=== Begin Enclosure ===

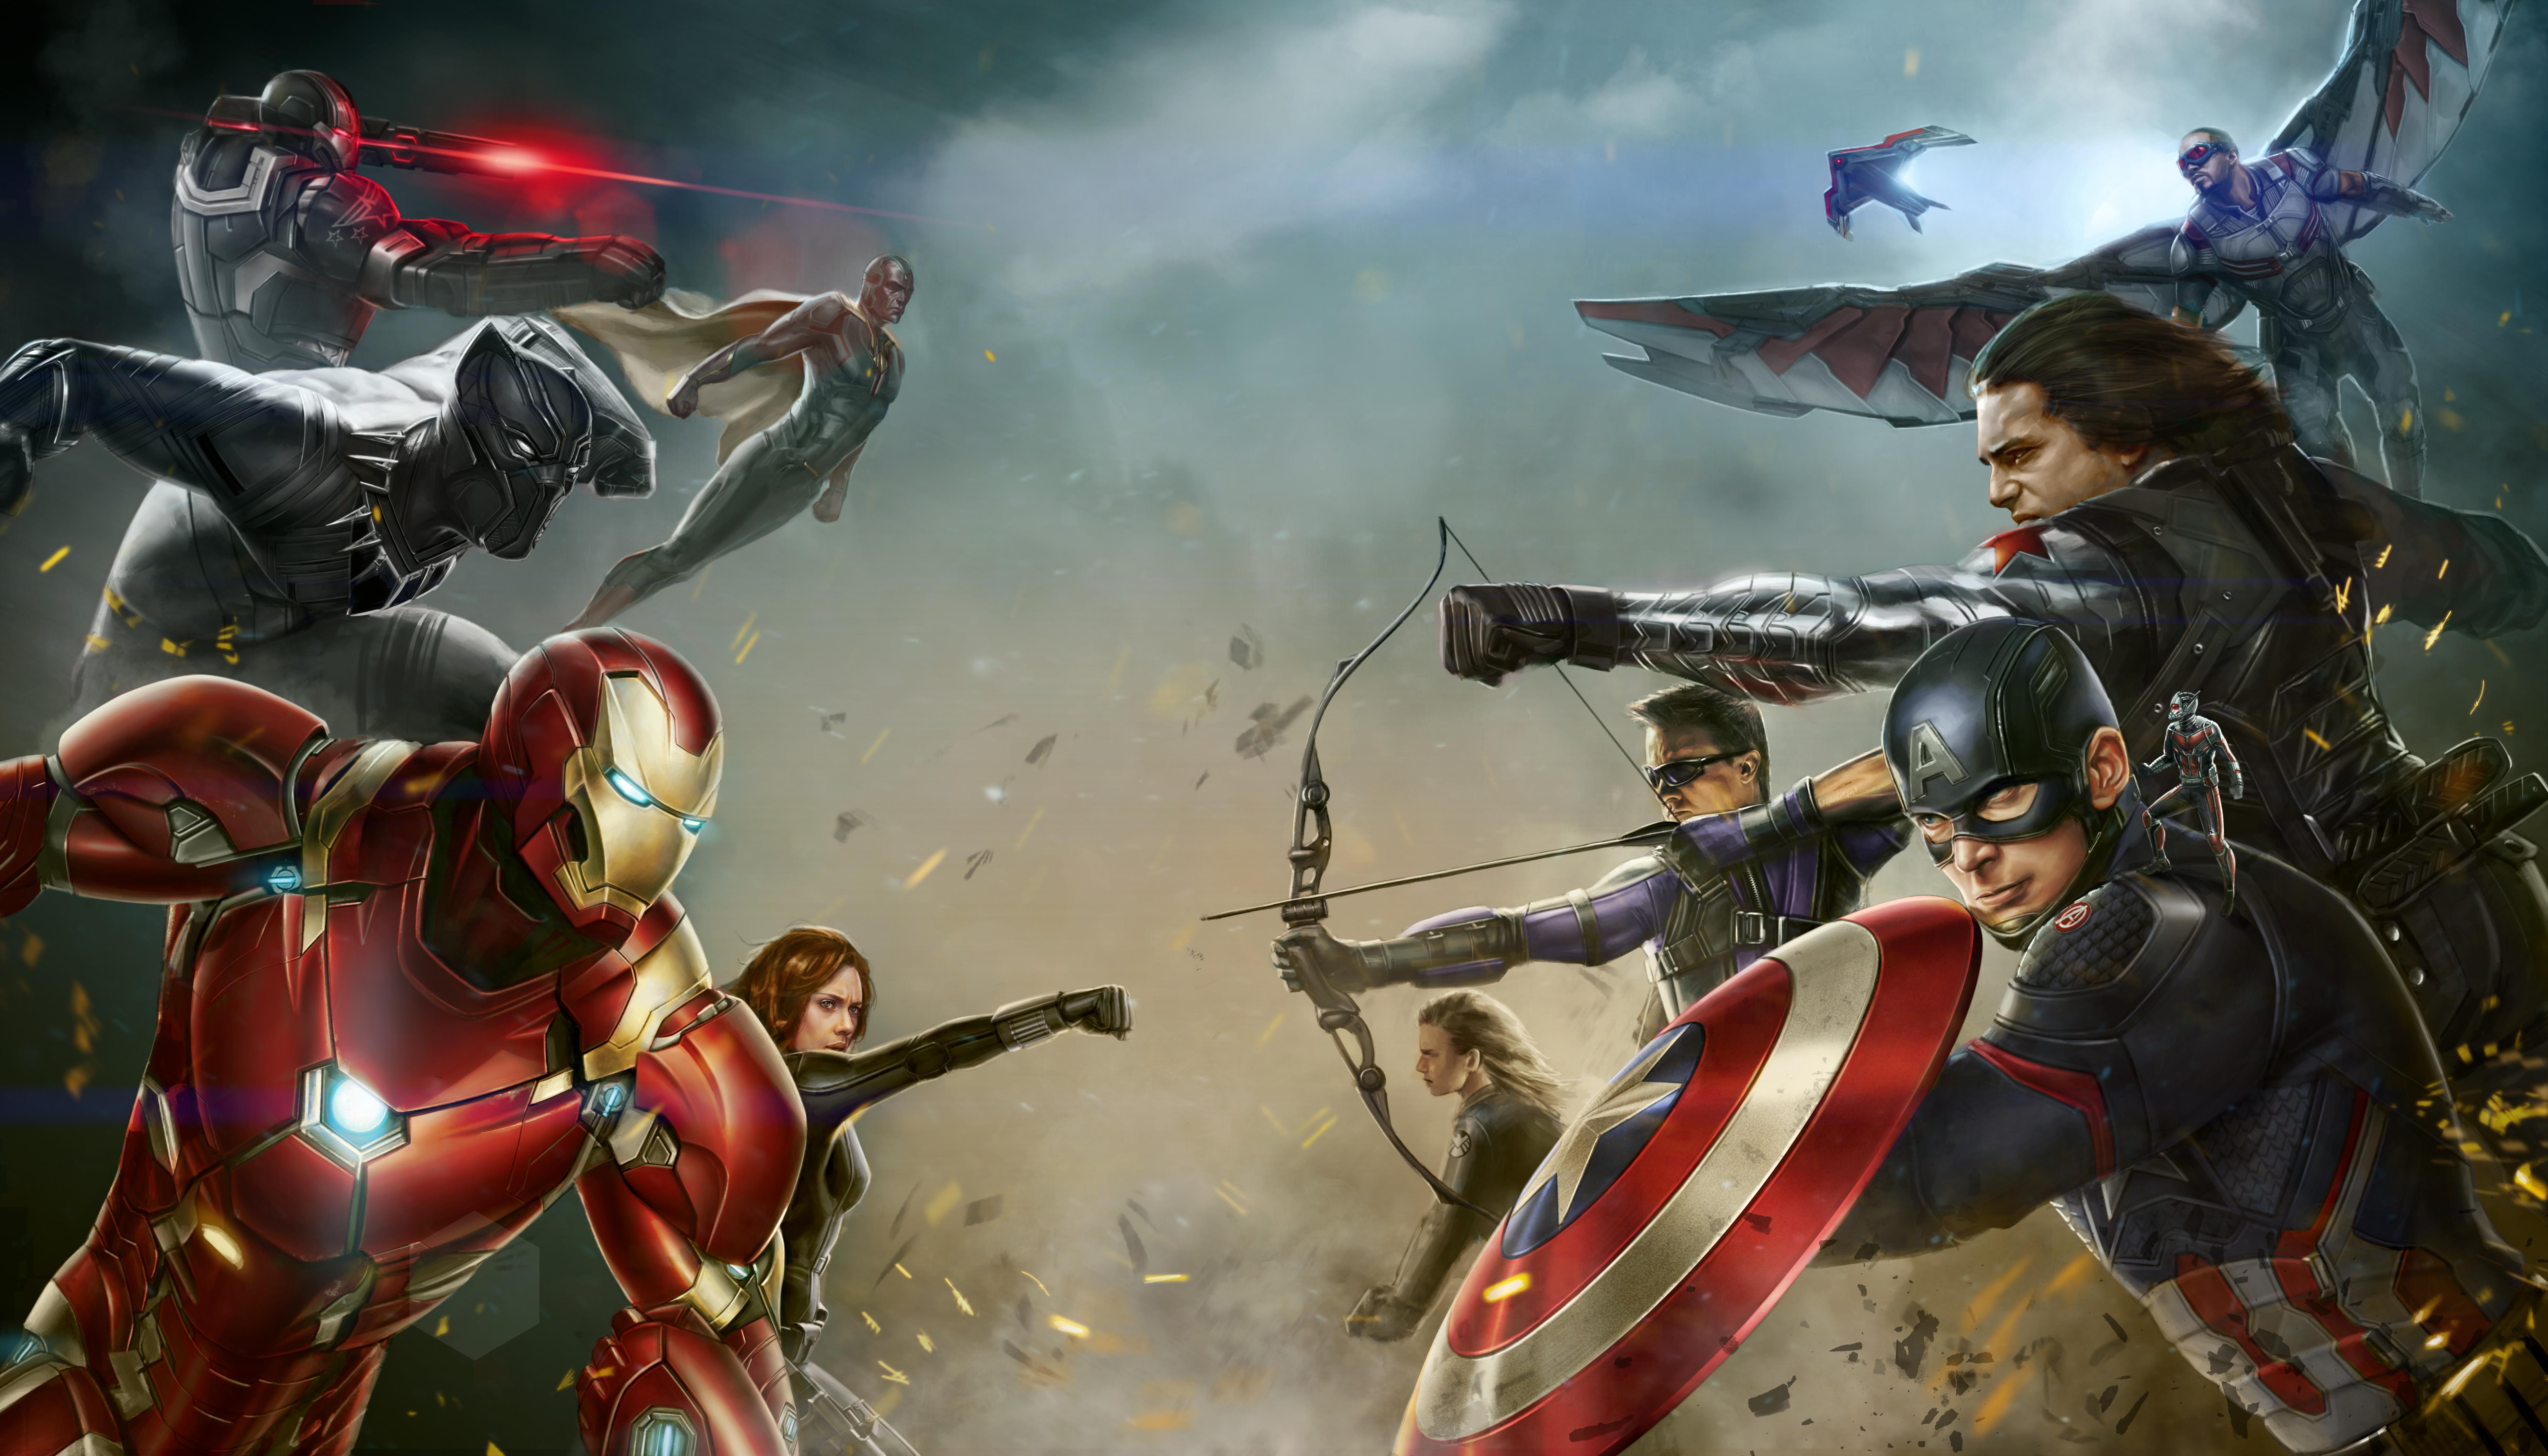 7680x4320 Marvel Superhero 8k Digital Art 8k Hd 4k Wallpapers
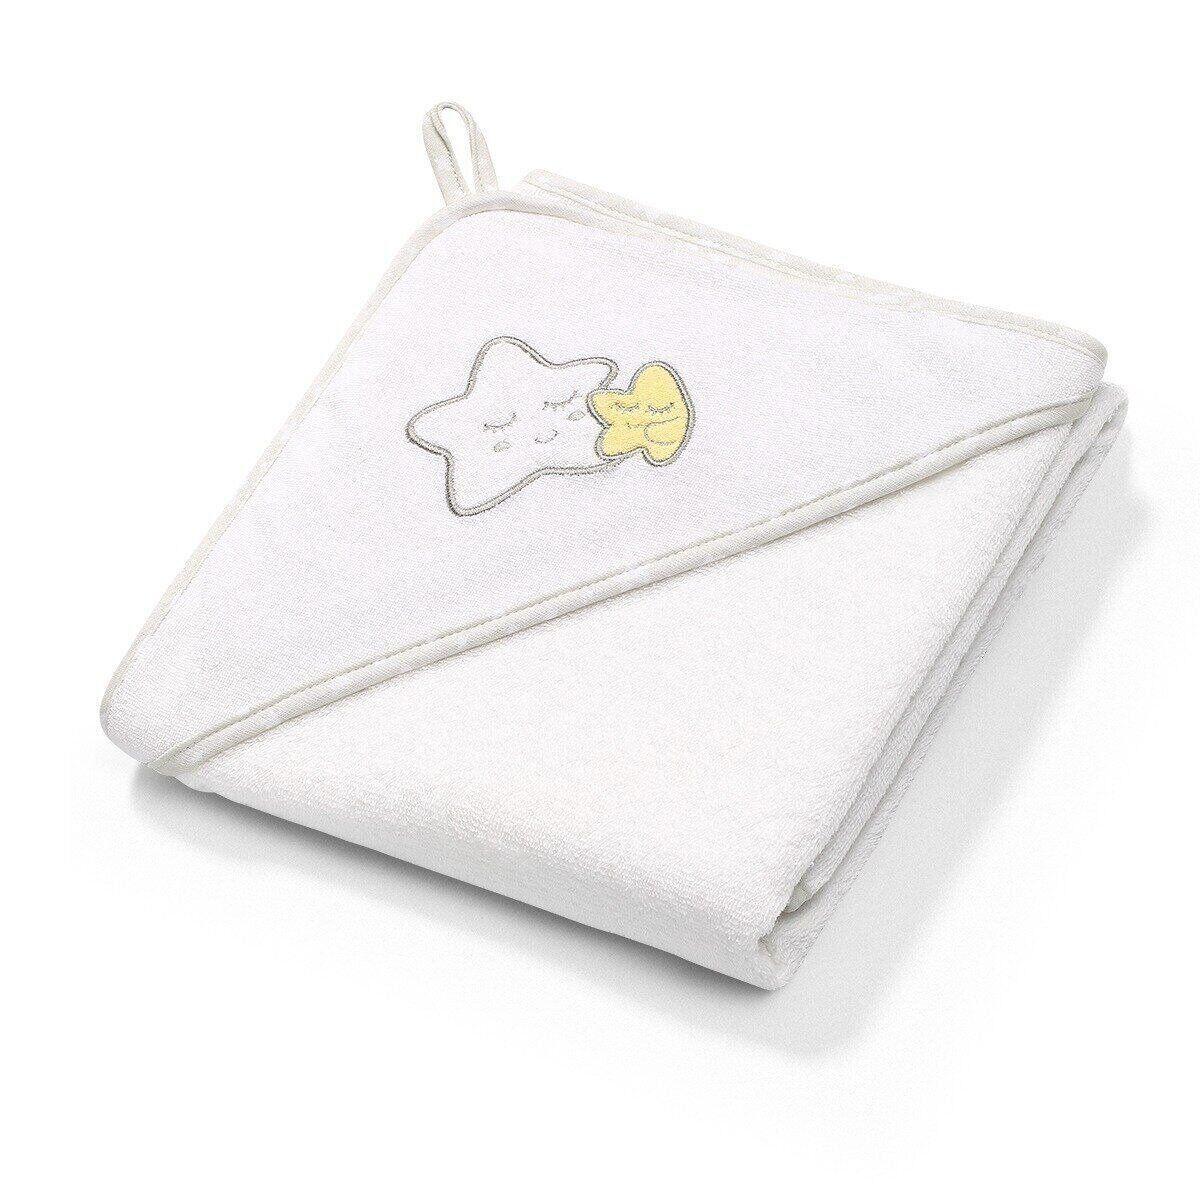 Полотенце махровое с капюшоном BabyOno 76x76 см Звездочки
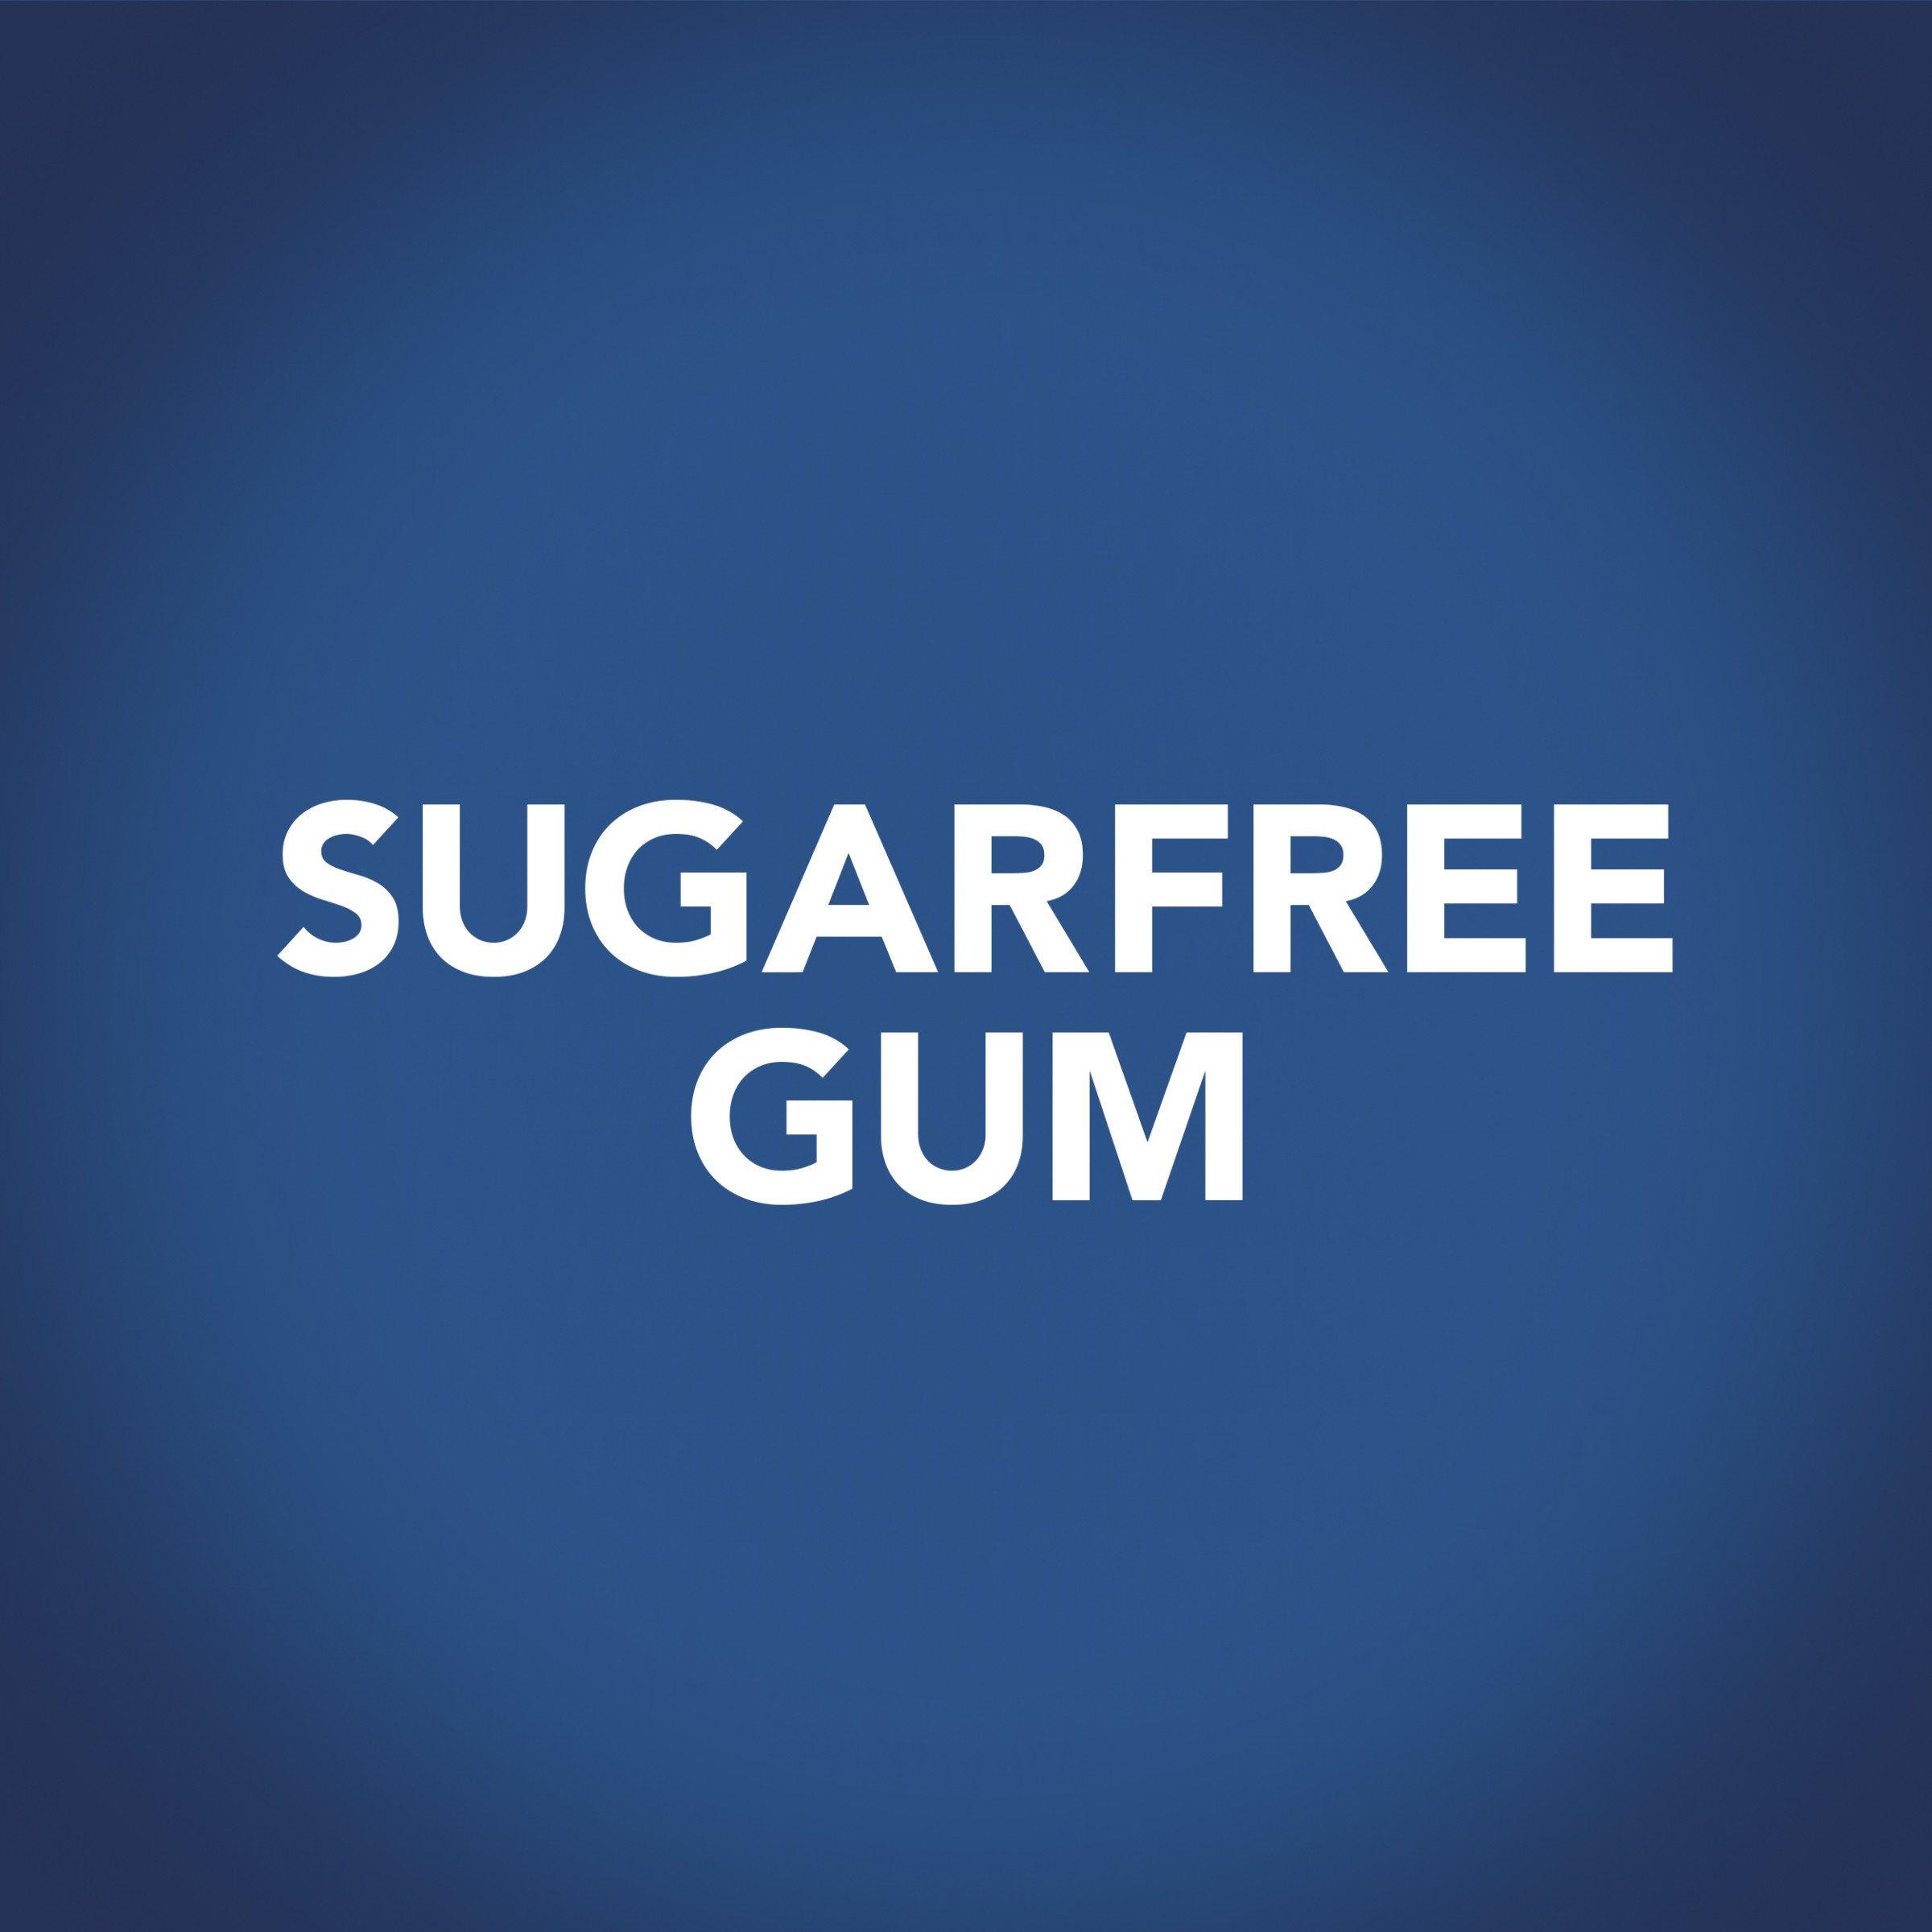 Orbit Sweet Mint Sugarfree Gum, 8 Count (Pack of 6) by Orbit Gum (Image #5)

=== End Enclosure ===

§ **EXERCISE PROMPT**
Write out every line above exactly as it is, leaving out the pictures.

§ **EXPECTED ANSWER**
 7680x4320 Marvel Superhero 8k Digital Art 8k Hd 4k Wallpapers
 Полотенце махровое с капюшоном BabyOno 76x76 см Звездочки
 Orbit Sweet Mint Sugarfree Gum, 8 Count (Pack of 6) by Orbit Gum (Image #5)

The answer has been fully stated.